2

I'm using spark structured streaming to process data from a streaming data source, and I'm using a file sink. Data will be put into hdfs after processing.

I've got a problem that output file is something like part-00012-8d701427-8289-41d7-9b4d-04c5d882664d-c000.txt. This makes me impossible get files output during last hour.

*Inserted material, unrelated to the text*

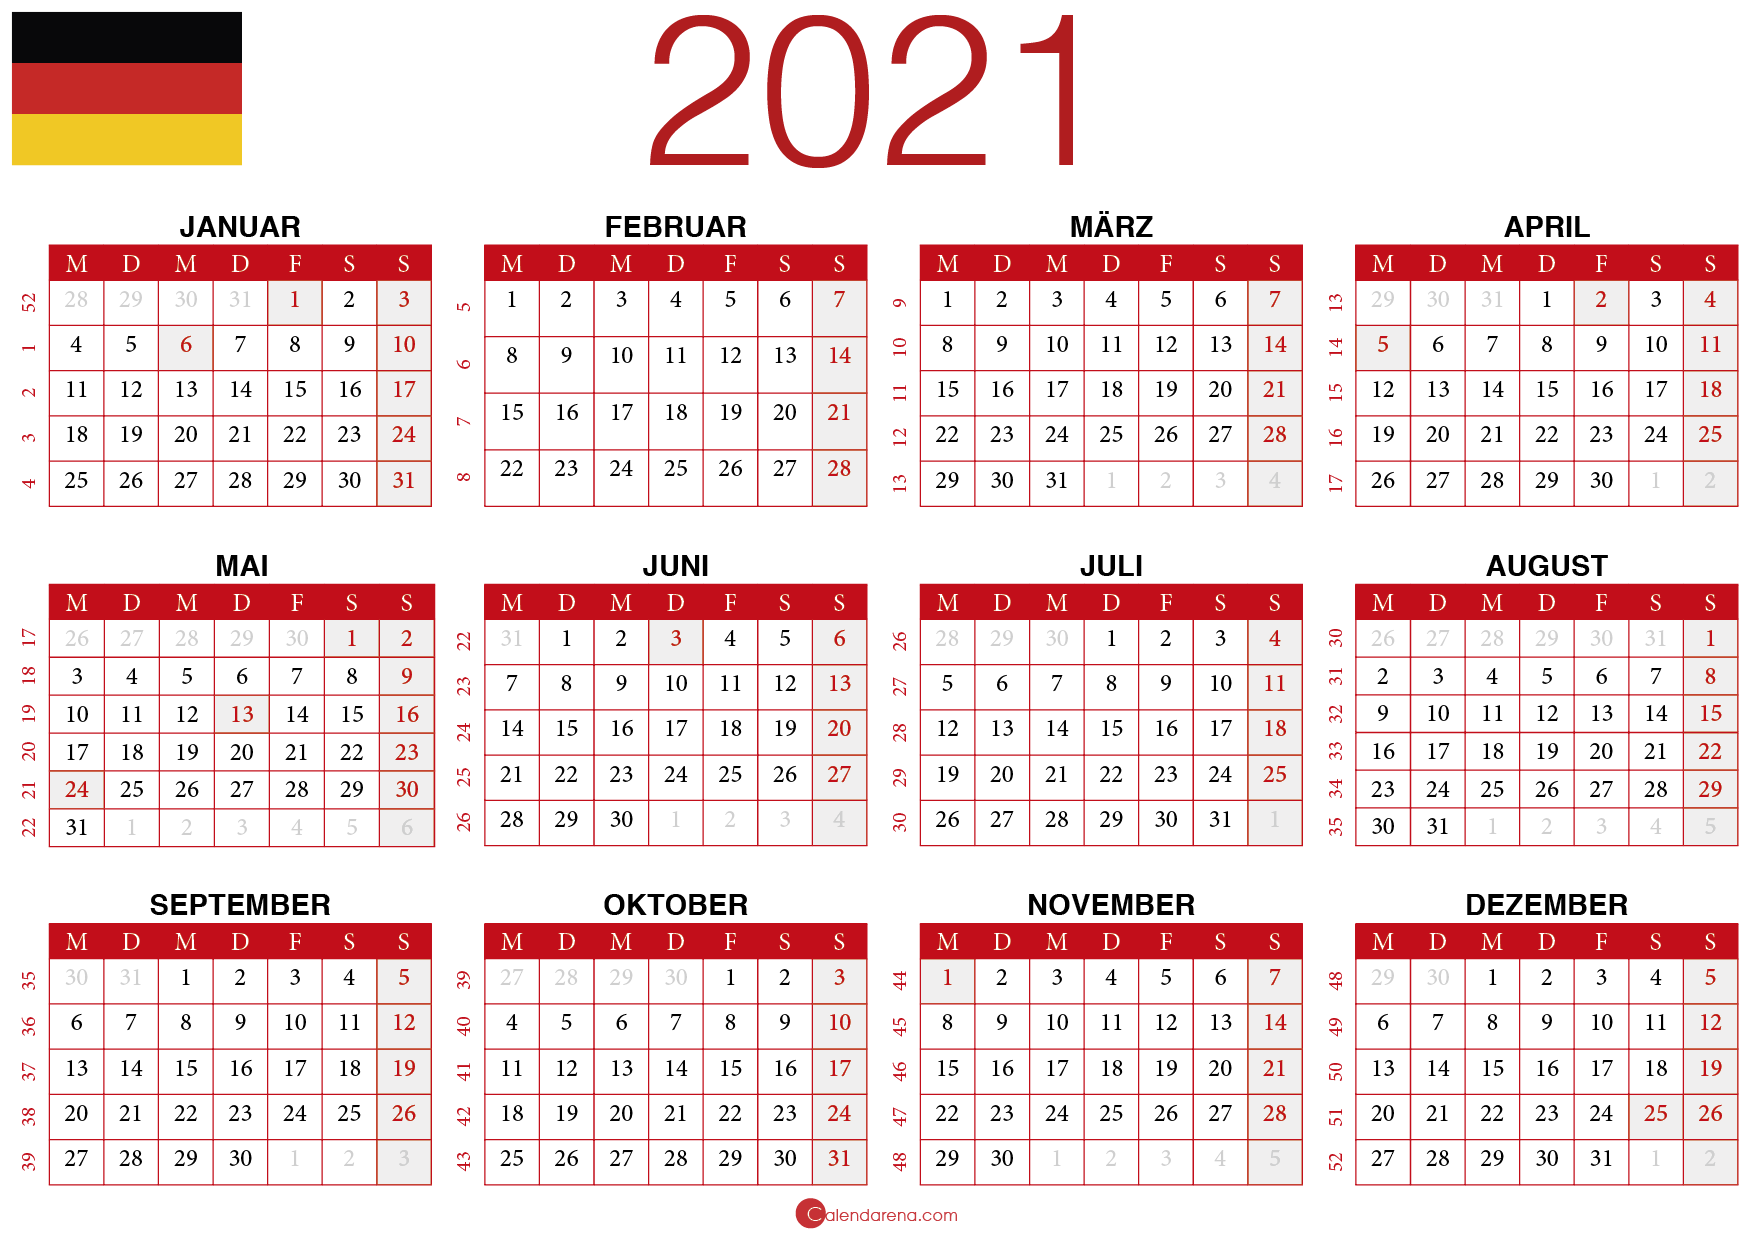 2021 Kalender - Calendarena

Is is possible to customize the output file into timestamp_xxx or something like this? Or, can I output into different path by each batch?

zero323
  • 322,348
  • 103
  • 959
  • 935
skyer CC
  • 23
  • 1
  • 3

2 Answers2

7

You can not change the name of the saved files. However, you can change the folder structure of where it is saved. Use partitionBy() to partition the data after specified columns in the dataset, in this case year, month, day and hour could be of interest:

df.writeStream 
  .format("parquet") // can be "orc", "json", "csv", etc.
  .option("path", "/path/to/save/") 
  .partitionBy("year", "month", "day", "hour") 
  .start() 

This will create a folder structure starting from the path which could look as follows:

year=2018
|
|--> month=06
|    |
|    |--> day=26
|    |    |
|    |    |--> hour=10
|    |    |--> hour=11
|    |    |--> ...
|    |
|    |--> day=27
|    |    |
|    |    |--> ...

Of course, other columns could be used to partition the files depending on what is avaiable.

Shaido
  • 27,497
  • 23
  • 70
  • 73
  • Is it possible using text file format to do this like ` .format("text").option("path", "some hdfs path").partitionBy()` – skyer CC Jun 27 '18 at 08:18
  • @skyerCC: Yes, you can. Try changing `parquet` to `csv` and you will get a comma separated columns in a text file. – Shaido Jun 27 '18 at 08:21
0

I believe this file format is an internal thing that is used by Spark for storing down the values for each partition. If you are using some sort of blob store (sorry I am windows user) you should still just be able to load the files back from output location and then work on them again using DataFrame.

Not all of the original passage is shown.